How did one become an Inquisitor for the Catholic Church?

by Jetmann114
idjet

Speaking about the first centuries of inquisition (the 'medieval inquisition'), from 1220's through the 14th century, the inquisitors came from 2 sources: bishops and Dominican friars. The inquisitions at this time were not an institution, they were individual assignments run and managed locally but directly reporting to the pope.

These first inquisitions were held in the south west of modern-day France, in cities and large towns such as Toulouse, Narbonne, Albi, Perpignan, Carcassonne, Agen, Montauban.

The fact that inquisitions were run by local bishops and/or Dominicans was cause for no small amount of trouble, and in fact there were protests back and forth between bishops and Dominicans and the pope about matters of efficacy, control and jurisdiction. Toulouse in particular during the 1240s was the scene for Dominicans being chased out of the city by some of the local populace, possibly with the interference of the bishop.

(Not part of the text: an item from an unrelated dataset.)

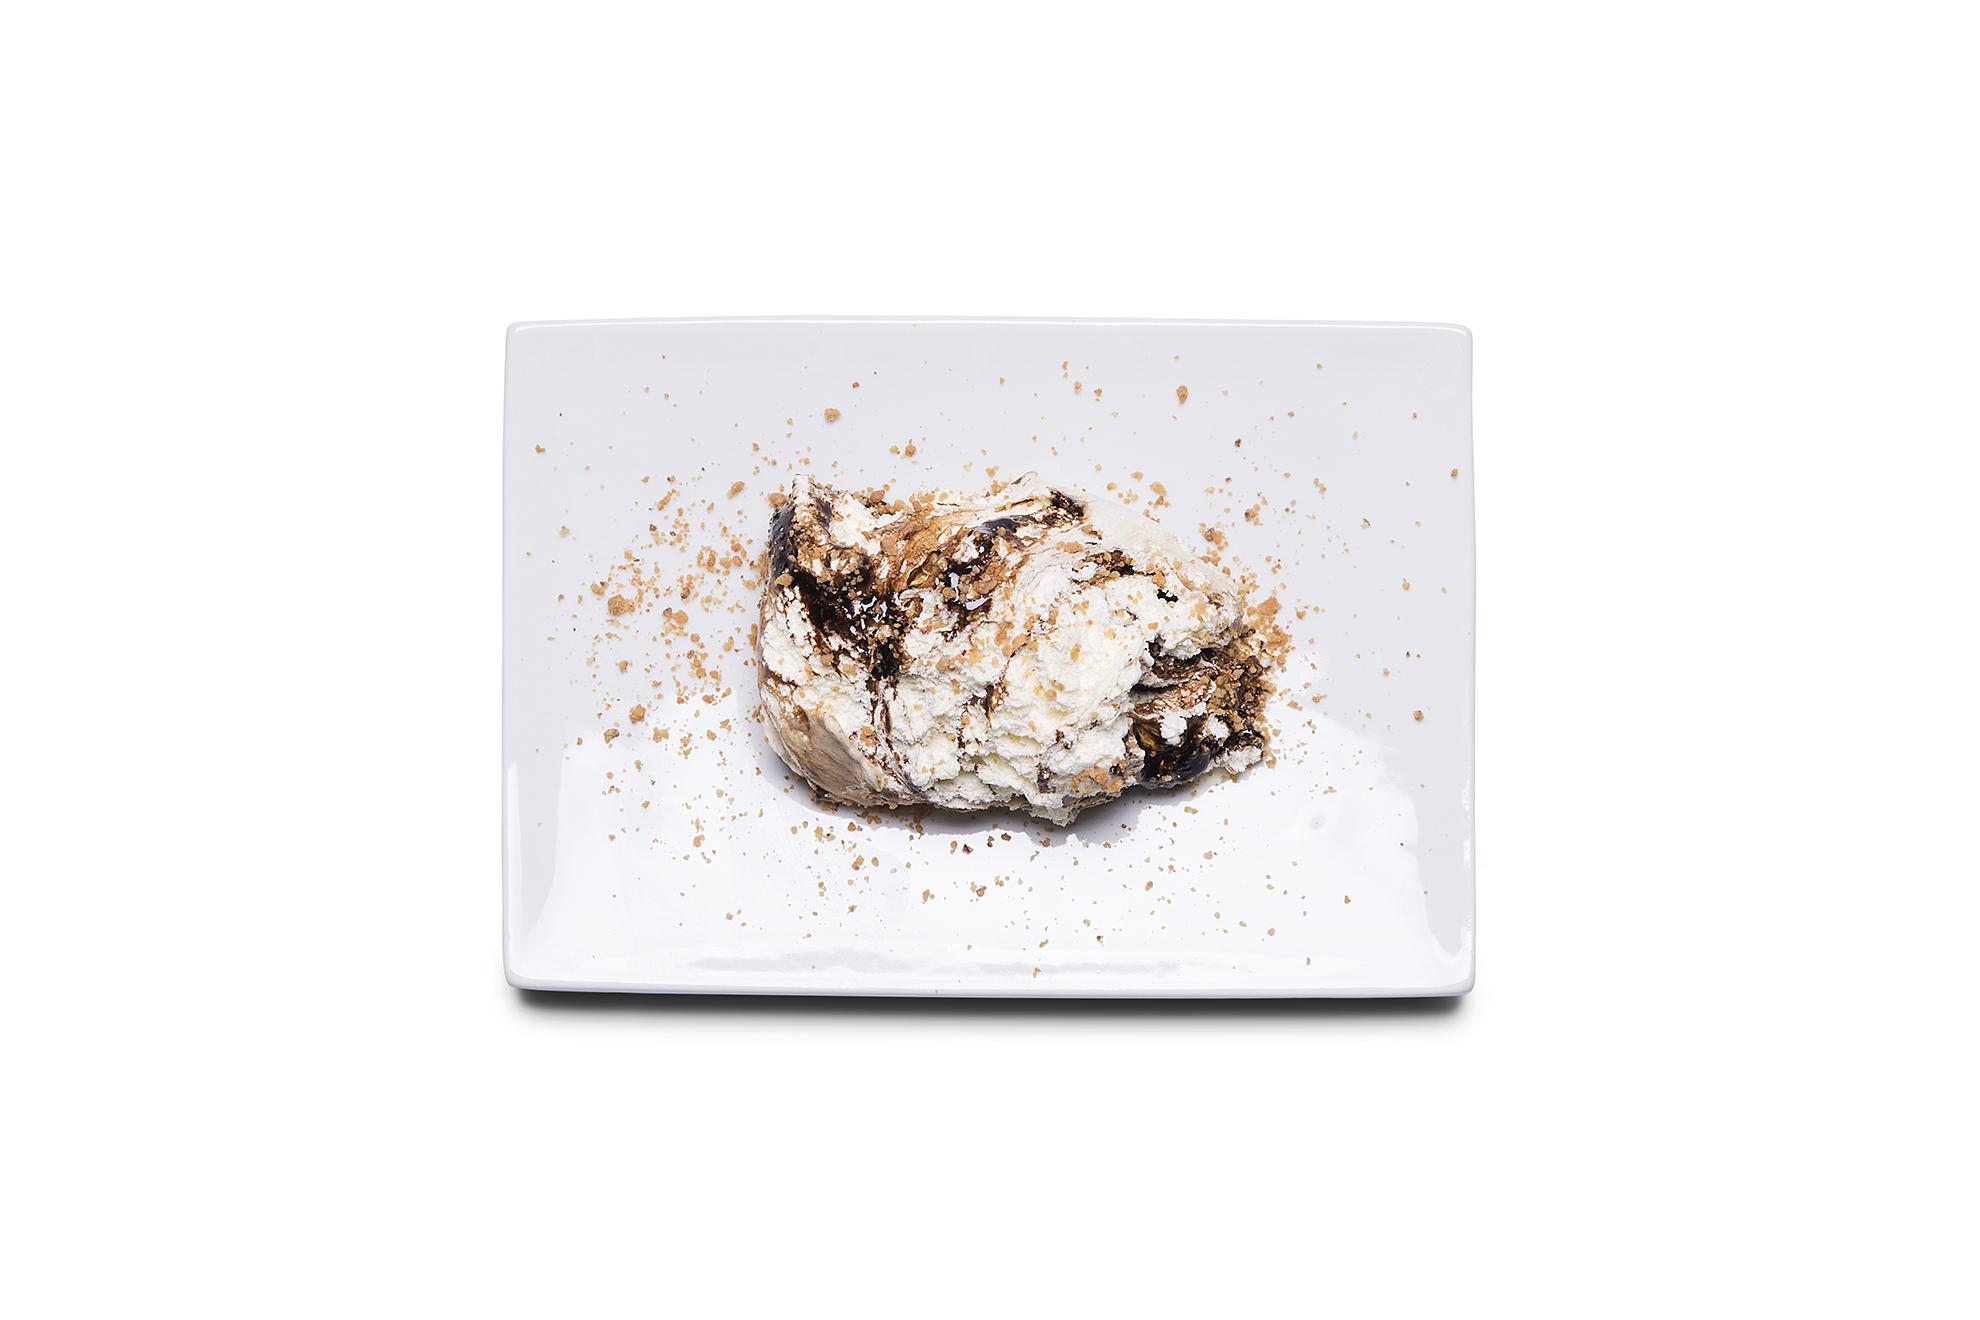 vittorio errico still life fotografia pubblicitaria photography gelateria passione gelato
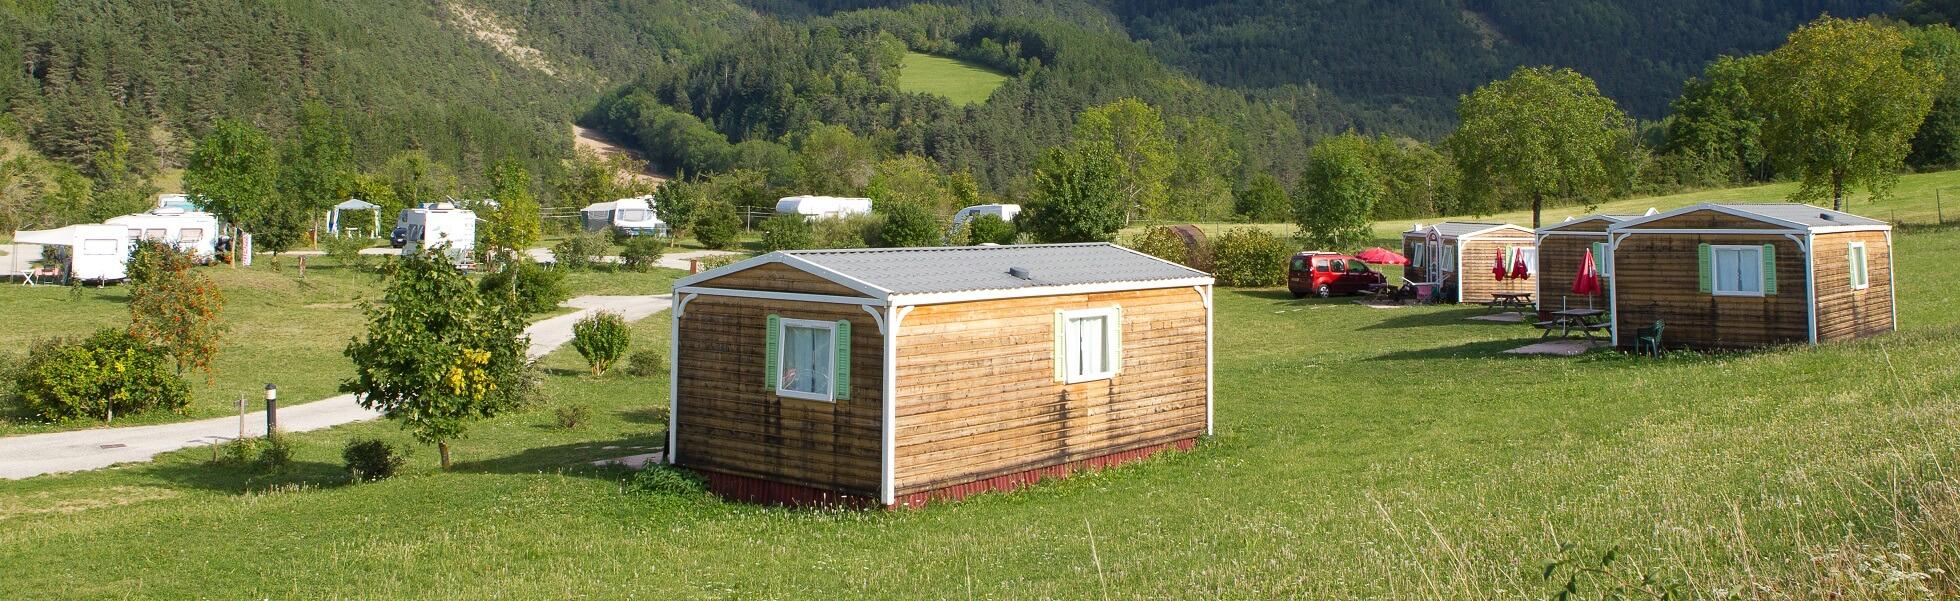 De online campinggids voor Frankrijk!

The Dominican Friars came to the role of inquisitors quite 'naturally': they were often exceptionally bright, well trained by Paris universities in theology. The order was created and seated in Toulouse as a reaction to the 'heresies' of local apostolic, traveling unlicensed preachers. The order of mendicant preachers was named for Dominic Guzman who pleaded with Pope Innocent III in 1205 to permit him to wander the country side of south west France preaching against heresy: such traveling friars had never been licensed before, but it was one of the attempts of the papacy to counter heresy in Occitania before the Albigensian Crusades.

The Dominicans, as a sharp, intellectual, experienced apostolic order were well trained and well placed to handle the inquisition, and over the next century they drafted many manuals, refined techniques, and expanded the base of operations and expanded the targets of heretical thought.

At the same time bishops were also conducting inquisitions. One of the most famous medieval inquisitions, that of the muti-decade interrogation of the Pyrenean village of Montaillou, was conducted by Bishop Jacques Fournier of the bishopric of Pamiers; he eventually became Pope Benedict XII.

The subsequent Roman Inquisition in Italy was created by the papacy in the 16th century, with panels composed of cardinals or papal legates and Dominicans. The Spanish Inquisition was created in the renaissance as a political institution with inquisitors appointed by secular authority; the inquisitorial team was drawn from lawyers and lay clergy (not from holy orders).

Inquisitions carried the same name, but they were different entities composed differently.